A regex for refund|discount misses "we'll make it right financially", "expect the funds back in your account", or a base64-encoded instruction. A semantic rule catches all three.

Conditions

Field Default Meaning
semantic_rule , (required) The rule in plain English. Describe the prohibited outcome clearly.
min_confidence 0.6 The judge returns a 0–1 confidence; the policy only triggers at or above this. Raise it for fewer, more certain triggers.
on_unavailable "skip" Behaviour if the judge can't be reached, see below.

Fail-open by design

The judge runs on the enforcement hot path, so it is built to never harm availability:

  • It uses a fast model, an in-process cache, a bounded prompt, and a short timeout.
  • If the judge is unreachable, the policy is skipped by default (on_unavailable: "skip"), an LLM outage never wrongly blocks legitimate traffic.
  • For rules where an outage should stop the action instead, set on_unavailable: "escalate" to fail closed and route to human review.

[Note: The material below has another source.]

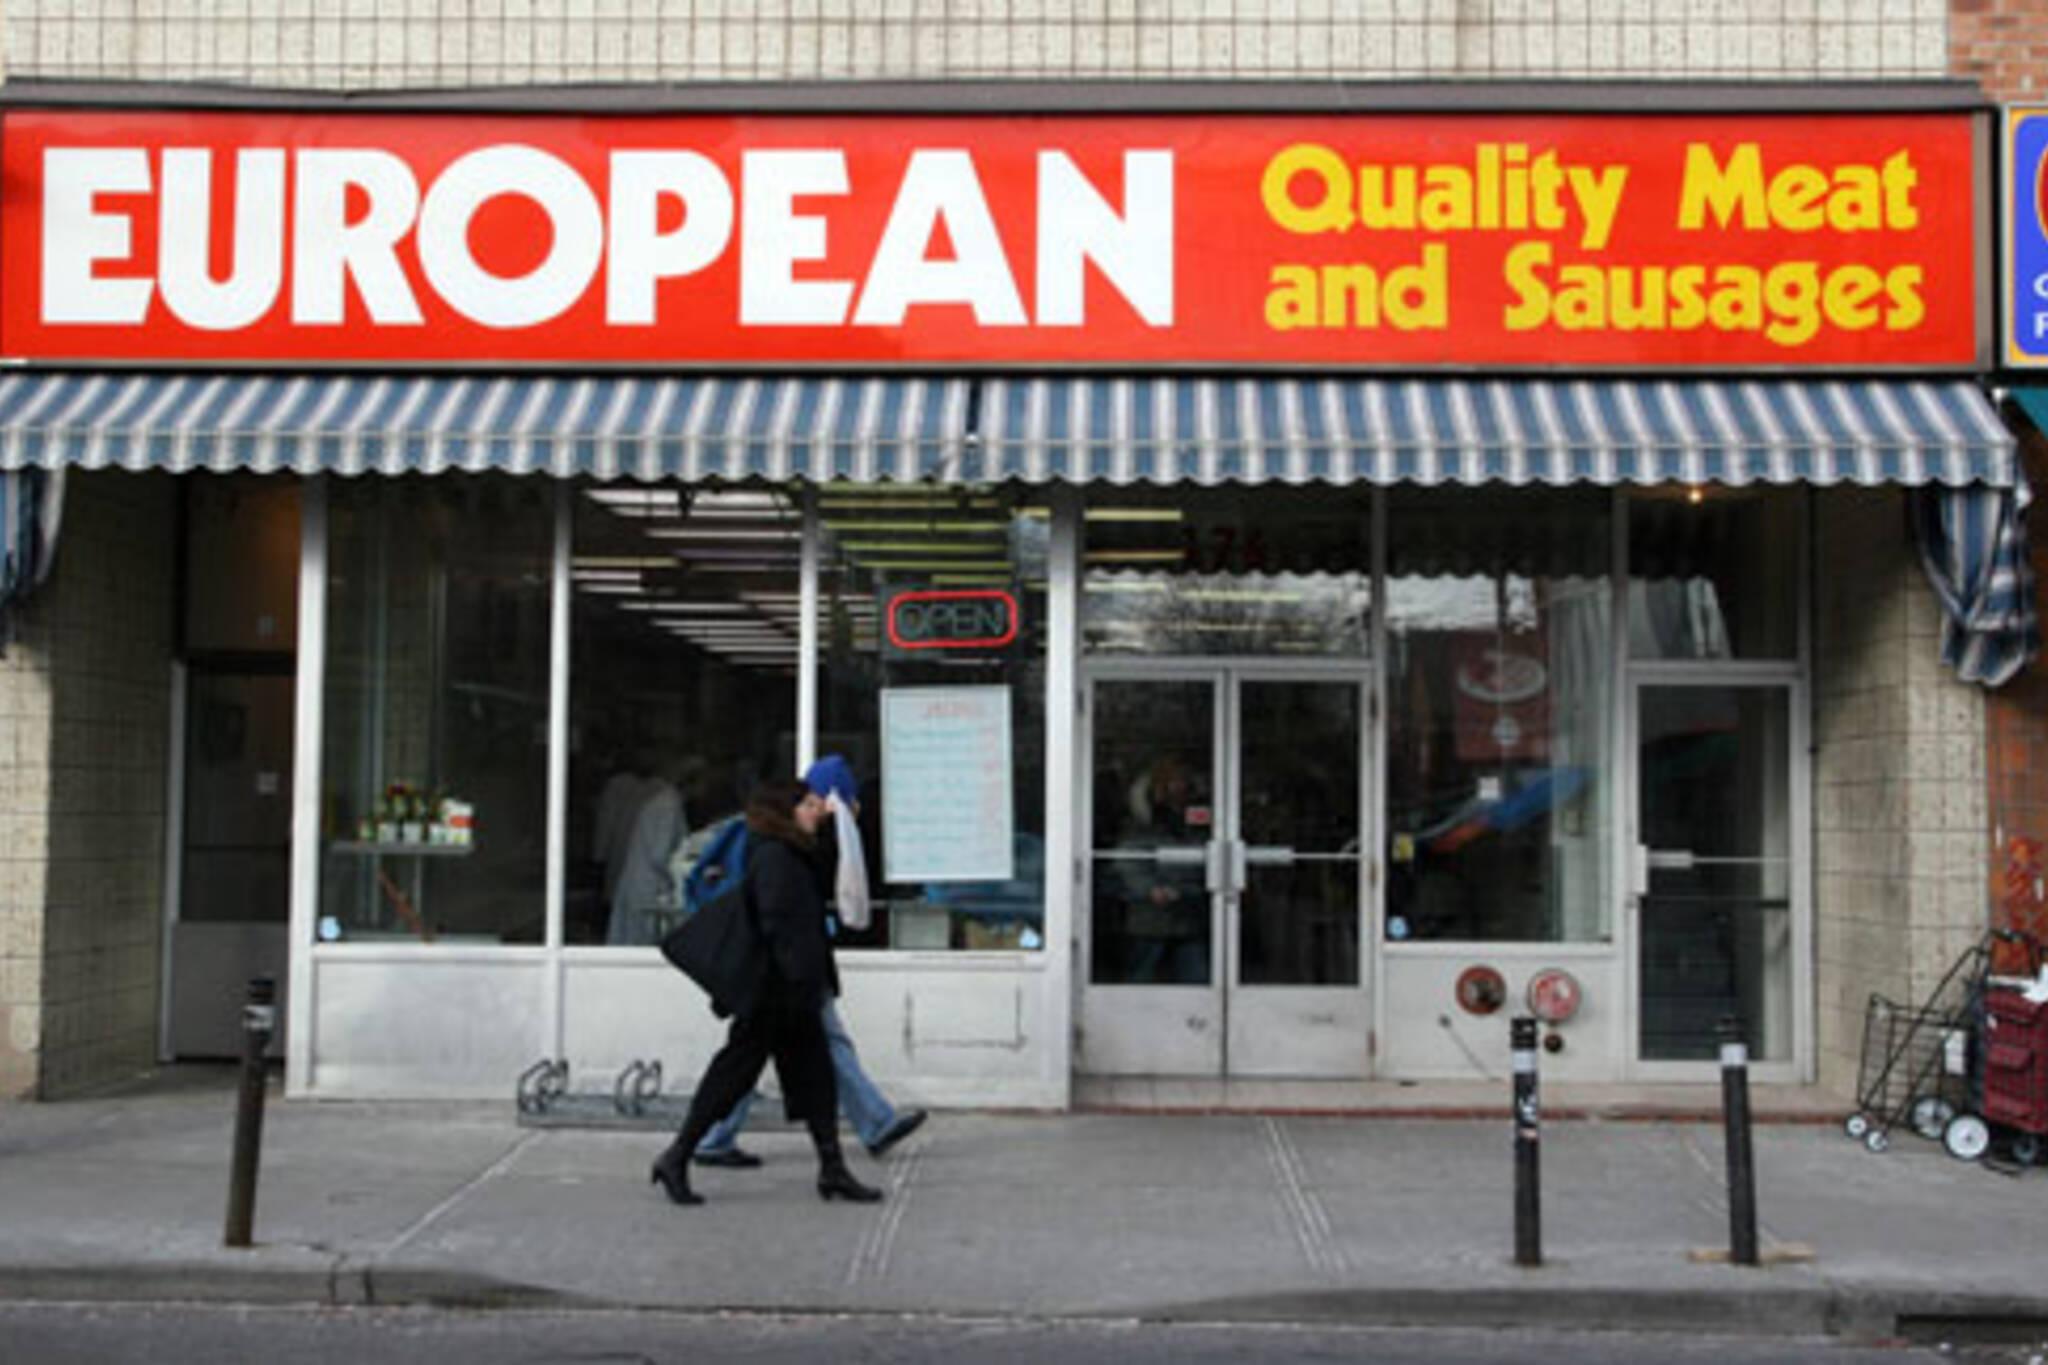 European Quality Meats & Sausages

Semantic conditions also compose: drop one inside a composite policy's AND/OR tree, or run it in shadow mode to measure impact first, exactly like any other policy type.

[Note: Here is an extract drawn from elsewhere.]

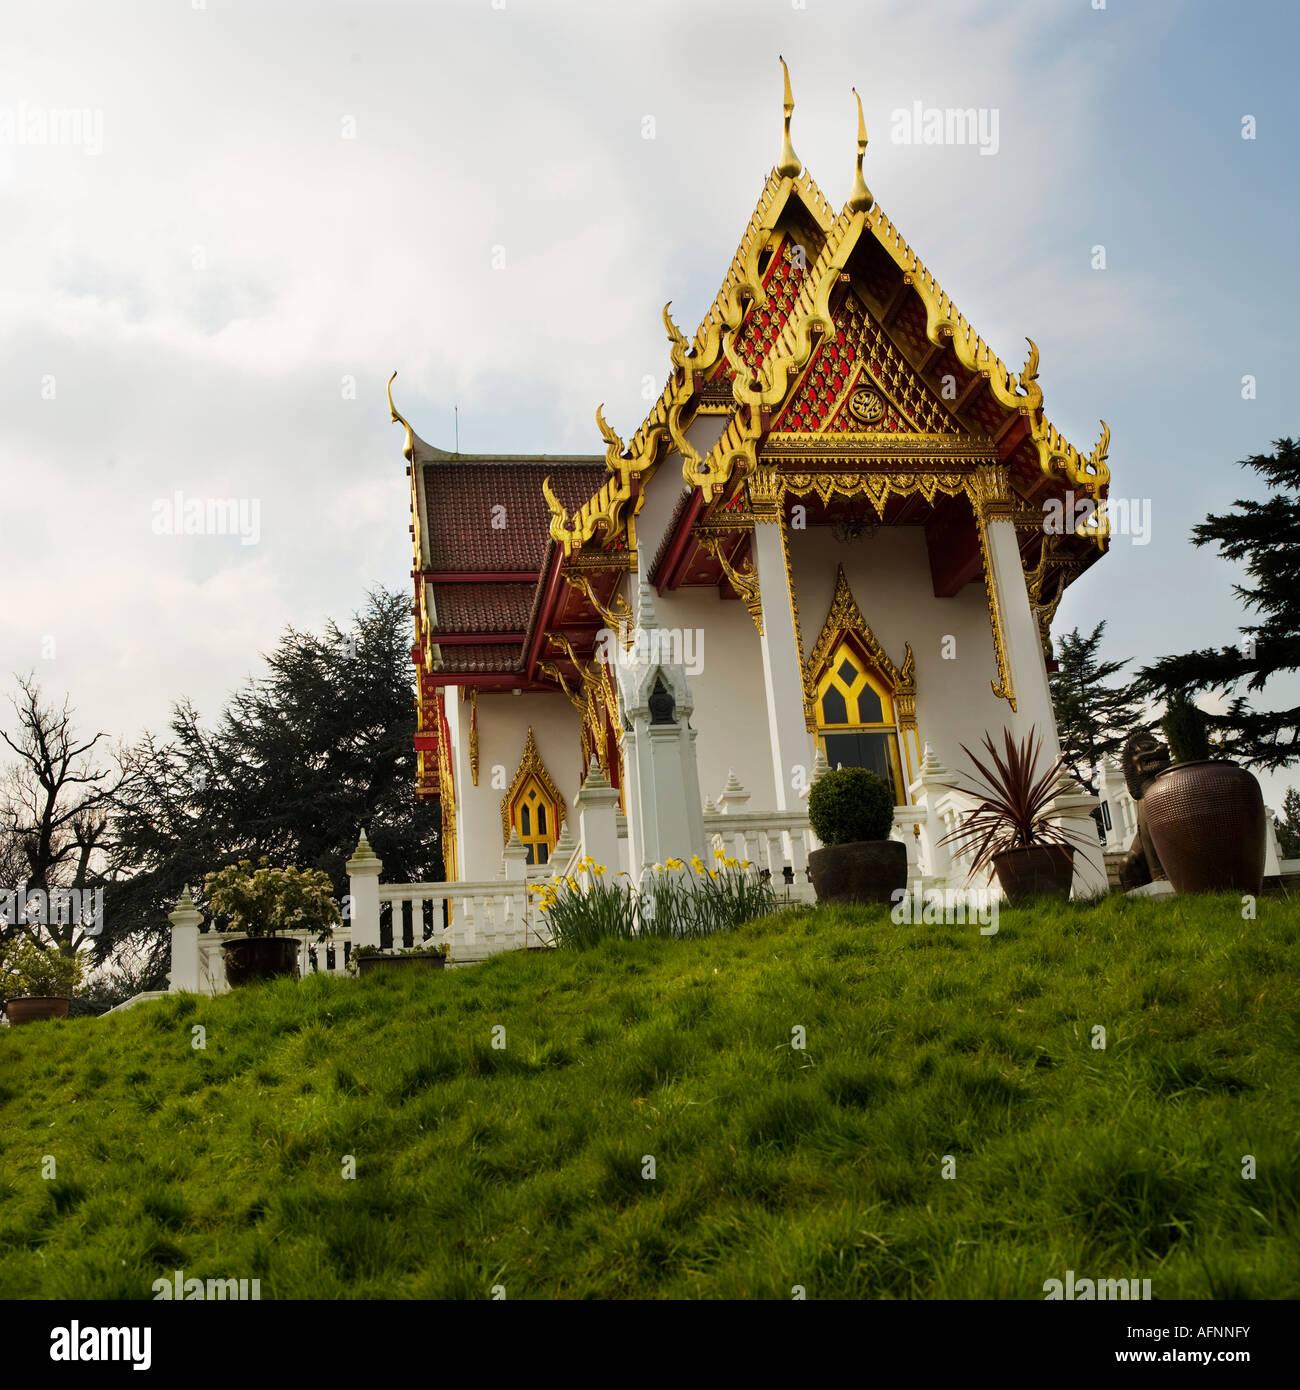 wat buddhapadipa thai buddhist temple in wimbledon london

Resilience, never a single point of failure

The judge tries Claude first and transparently falls back to DeepSeek (deepseek-v4-flash) if Claude is unreachable or out of credits. Semantic enforcement, and the Ask Xybern assistant, keep working through an upstream billing or rate event. If both providers are unavailable, the fail-open/fail-closed behaviour above takes over.

Configuration

Semantic evaluation uses your workspace's configured model key. The hot-path judge model is overridable via XYBERN_SEMANTIC_MODEL, and the DeepSeek fallback model via XYBERN_DEEPSEEK_MODEL.

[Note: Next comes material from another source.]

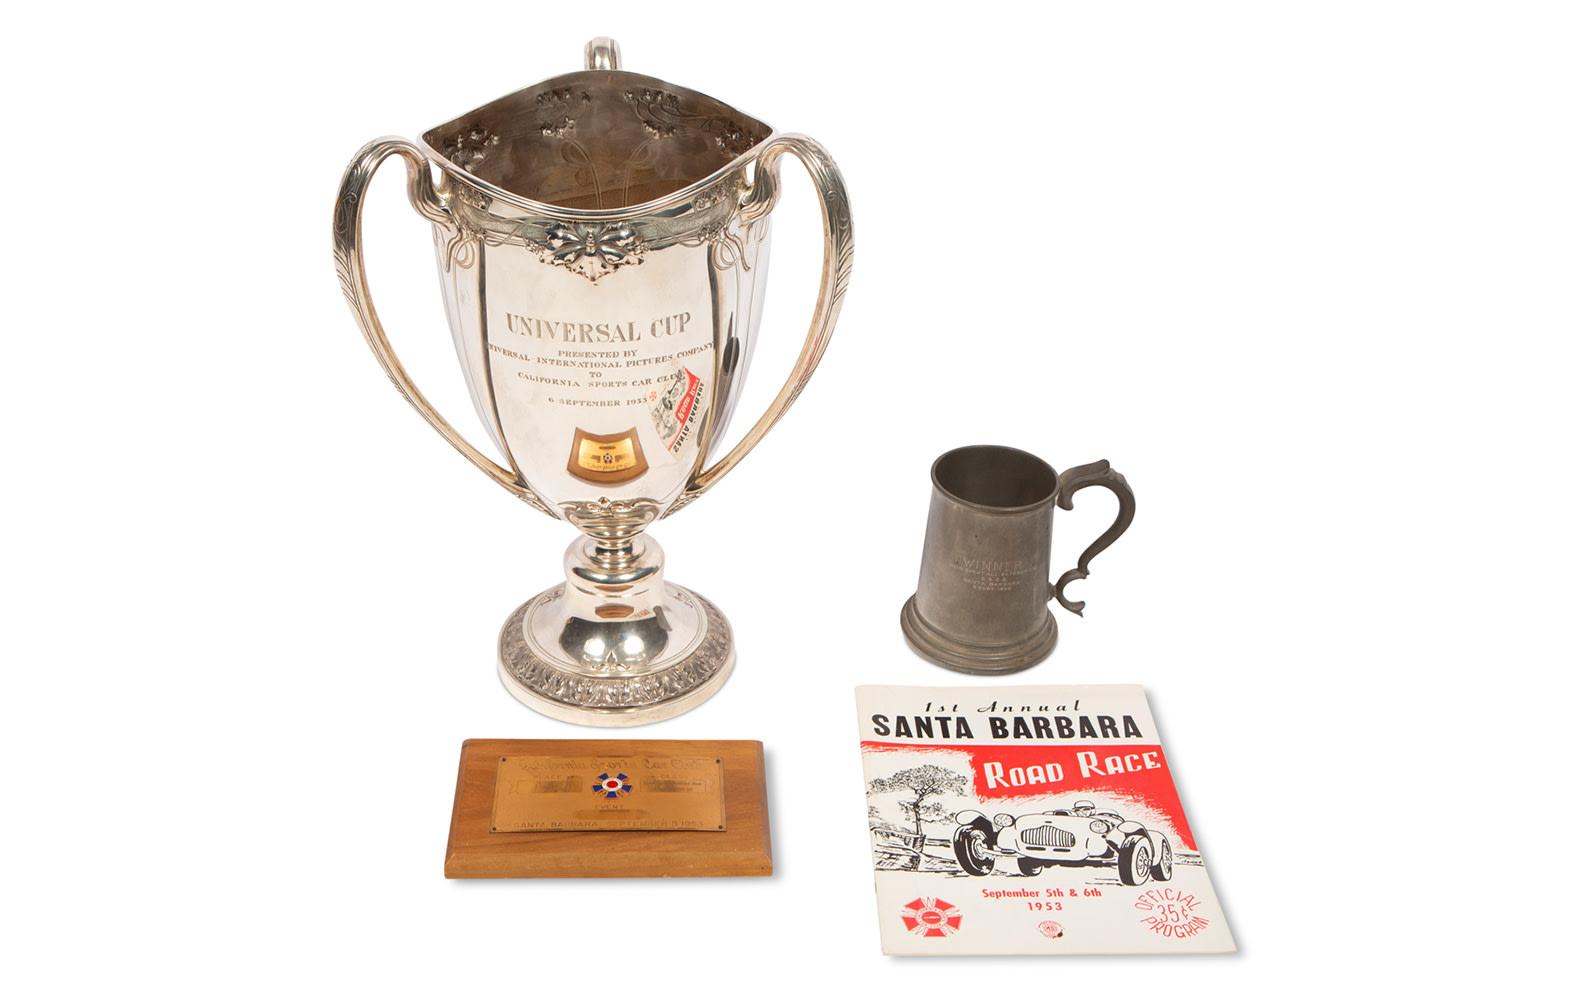 1953 Santa Barbara Road Race Trophies and Race Program

Authoring a rule in plain English

You don't hand-write semantic policies field by field. Open Ask Xybern in the dashboard, describe the rule the way you'd say it, "block any agent from sending an email that promises a customer a refund or payout", and the assistant proposes a ready-to-create policy as a one-click card, choosing semantic automatically when the wording could vary. Review the suggested rule, decision, and confidence floor, adjust the agent if needed, and create it.

While configuring a semantic policy you can also paste a single action into the live test box on the policy form and see the verdict and confidence instantly, so you can tune the rule and confidence floor before saving.


Backtesting, prove it before it goes live

Any draft policy can be replayed against your workspace's real decision history before you deploy it. From the create form, click Run backtest.

The report shows:

  • How many of the sampled historical actions the policy would have triggered (and the trigger rate).
  • New friction: actions that were previously allowed but would now be blocked or escalated.
  • The breakdown of new decisions, and a sample of the specific actions hit, each with the judge's reason.

For deterministic types (regex, threshold, temporal) the backtest sweeps a wide window instantly. For semantic policies it samples the most recent actions and runs the judge in parallel, so you get a representative impact estimate in seconds, no guesswork, and no surprises in production.


When to use which policy type

Use… When the rule is about…
content_pattern (regex) Exact tokens or formats, a card-number shape, an exact keyword, an email domain.
semantic Meaning, intent, tone, sensitive content, or judgement, anything where the wording can vary.
threshold Agent trust level.
temporal Time-of-day / day-of-week.
composite Combining any of the above with AND / OR.

Reach for semantic whenever a determined agent could rephrase its way around a regex, which, for natural-language actions, is almost always.